Kali ini tim tak hanya duduk di rumah Kepala Desa Jaro Saija. Mereka juga masuk ke perkampungan. Jaraknya sekitar 2 km dari rumah Jaro.

Jalan yang dilalui tidak mulus. Jalan setapak yang masih tanah mereka susuri. Puluhan anak tangga membantu mereka ketika melewati jalan tanah yang menanjak.

Vaksinator laki-laki bertugas membawa cooler, sedangkan yang perempuan menenteng dokumen. Mereka masih berseragam kuning.

Tidak jauh beda dengan sebelumnya, cooler hanya dibuka sekali. Sebab, ada dua orang yang mendatangi untuk minta vaksin Covid-19. Sementara warga yang didatangi memilih menutup pintu rumah.

Jika ada yang tak bisa menghindar atau tertangkap basah mengintip tenaga kesehatan Puskesmas Cisimeut, mereka memilih untuk mendengarkan sebentar. Tapi, kemudian tetap menolak vaksin.

Sampai Jumat lalu itu, hanya belasan warga Kanekes yang sudah divaksin. Ketua Tim Vaksinator Puskesmas Cisimeut Bidan Siti Solohat hanya tersenyum getir saat ditanya soal penolakan tersebut. Menurut dia, risiko itu sudah diperhitungkan sebelum tim mengunjungi Kanekes.

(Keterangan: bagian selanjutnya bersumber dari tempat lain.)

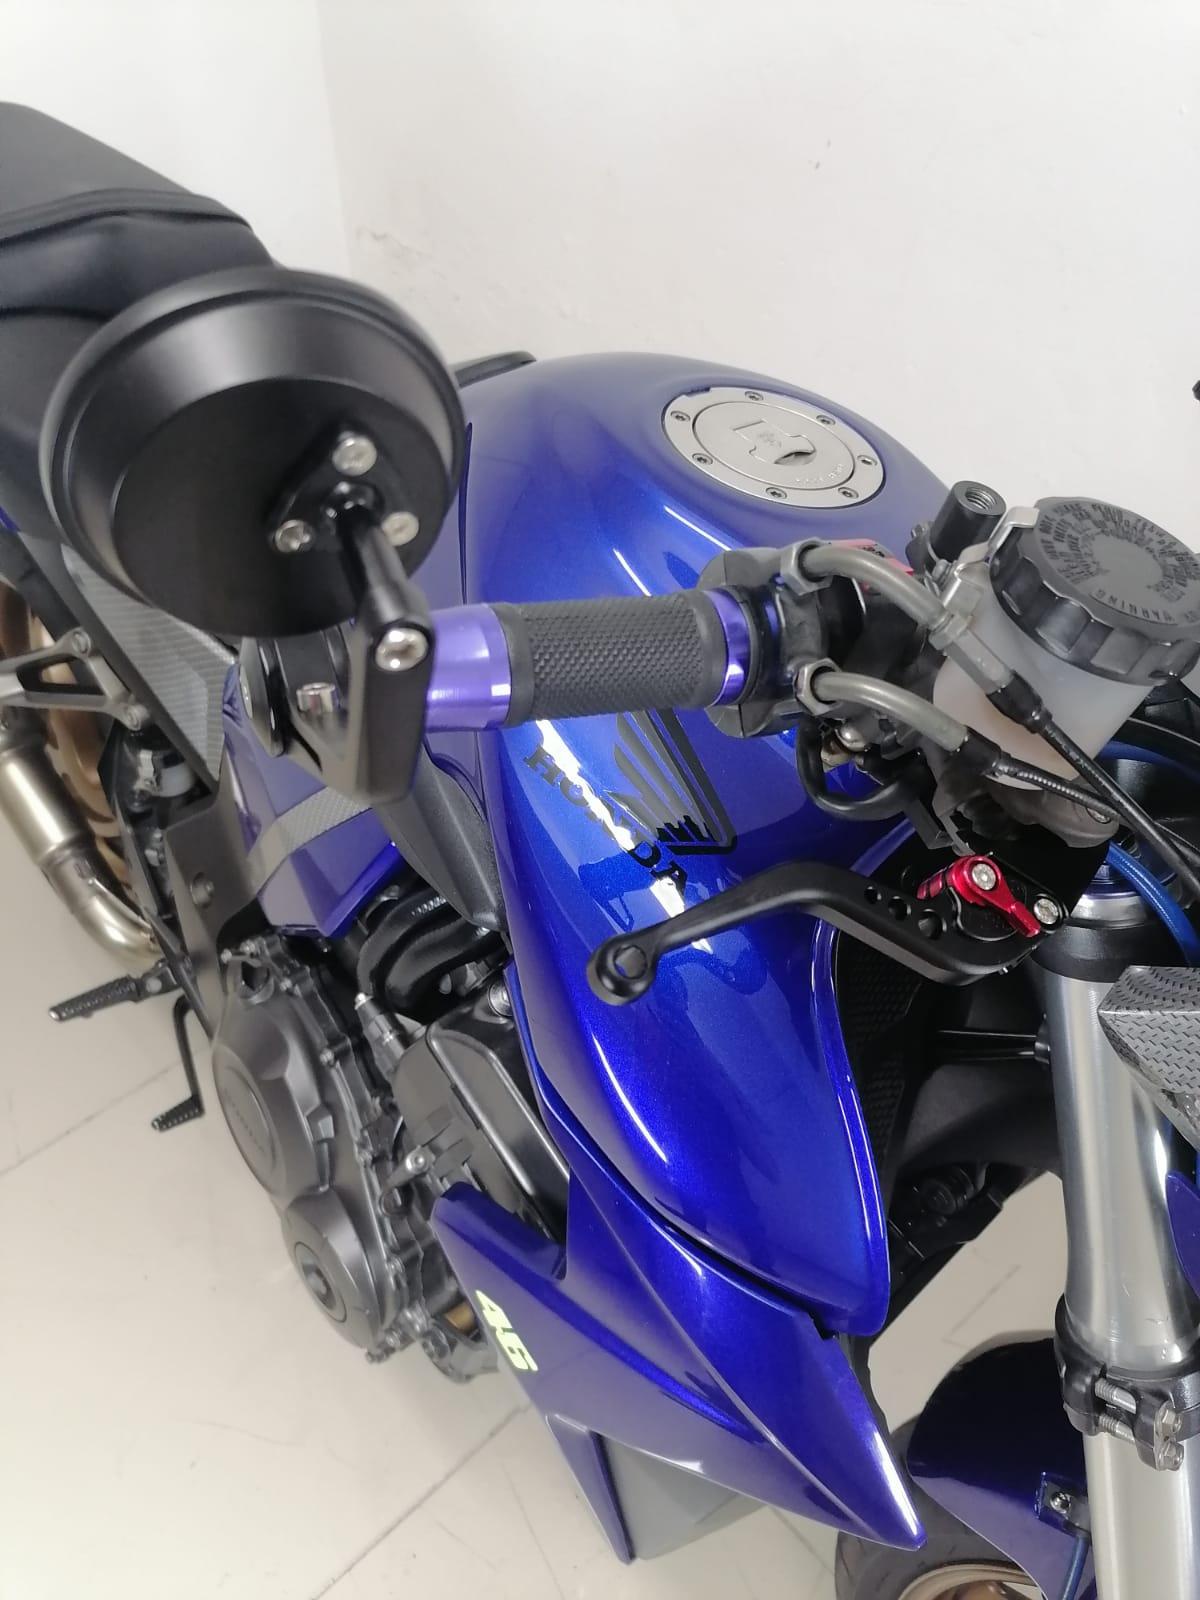 2009 Honda CB1000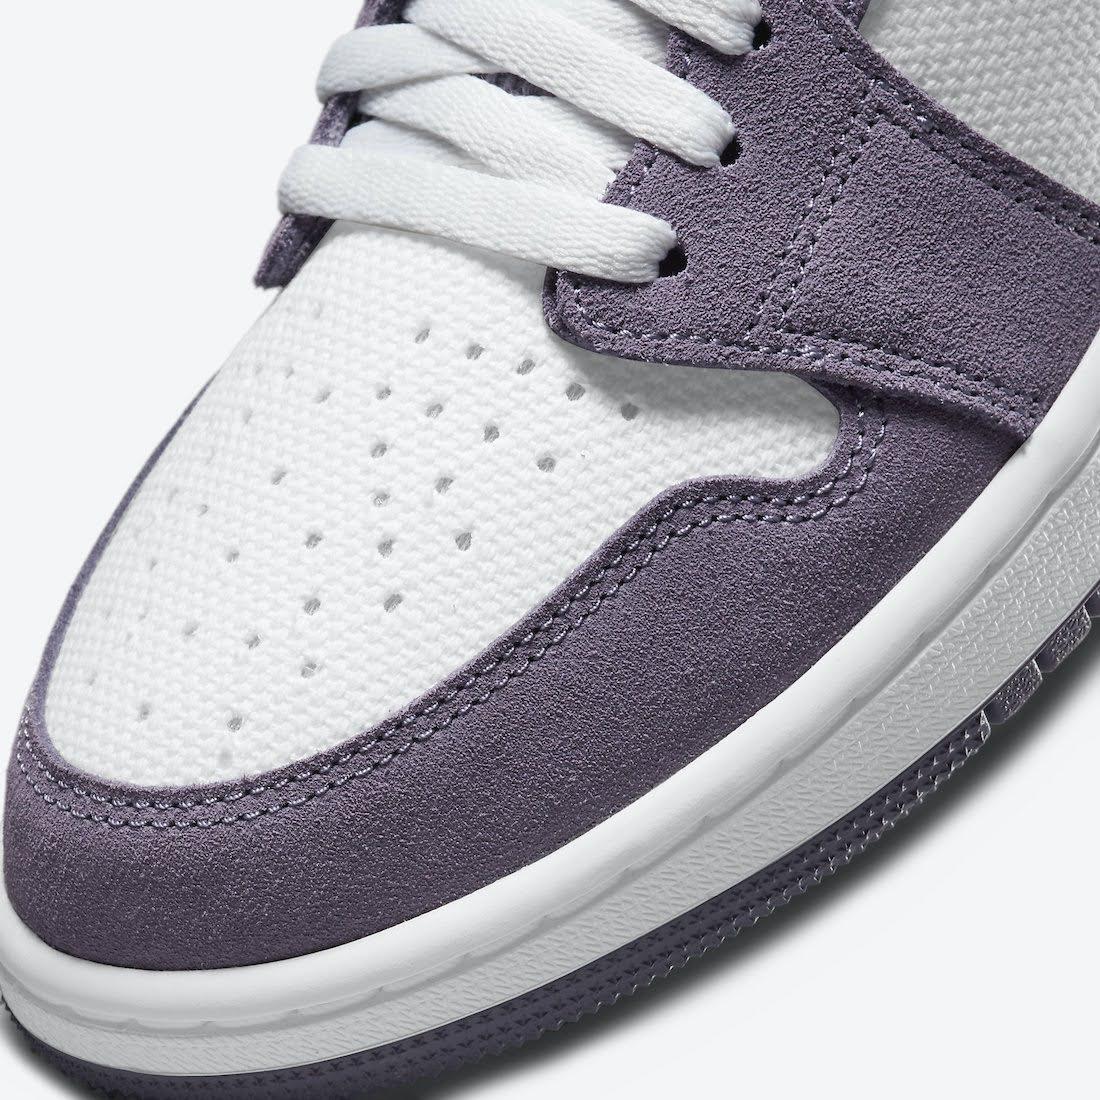 """ナイキ エア ジョーダン 1 ズーム コンフォート """"トロピカル ツイスト"""" Nike-Air-Jordan-1-Zoom-Comfort-Tropical-Twist-CT0978-150-toe"""

Sejak awal vaksinasi ada di puskesmas tersebut, tidak ada masyarakat Baduy yang datang. ”Juli lalu mau ada vaksinasi, tapi batal juga,” katanya kepada Jawa Pos.

Dalam dua hari kunjungan ke Baduy, sebenarnya tim vaksinator hanya menargetkan 60 orang per hari. Meski dari awal tahu masyarakat Kanekes enggan divaksin, mereka tetap mencoba.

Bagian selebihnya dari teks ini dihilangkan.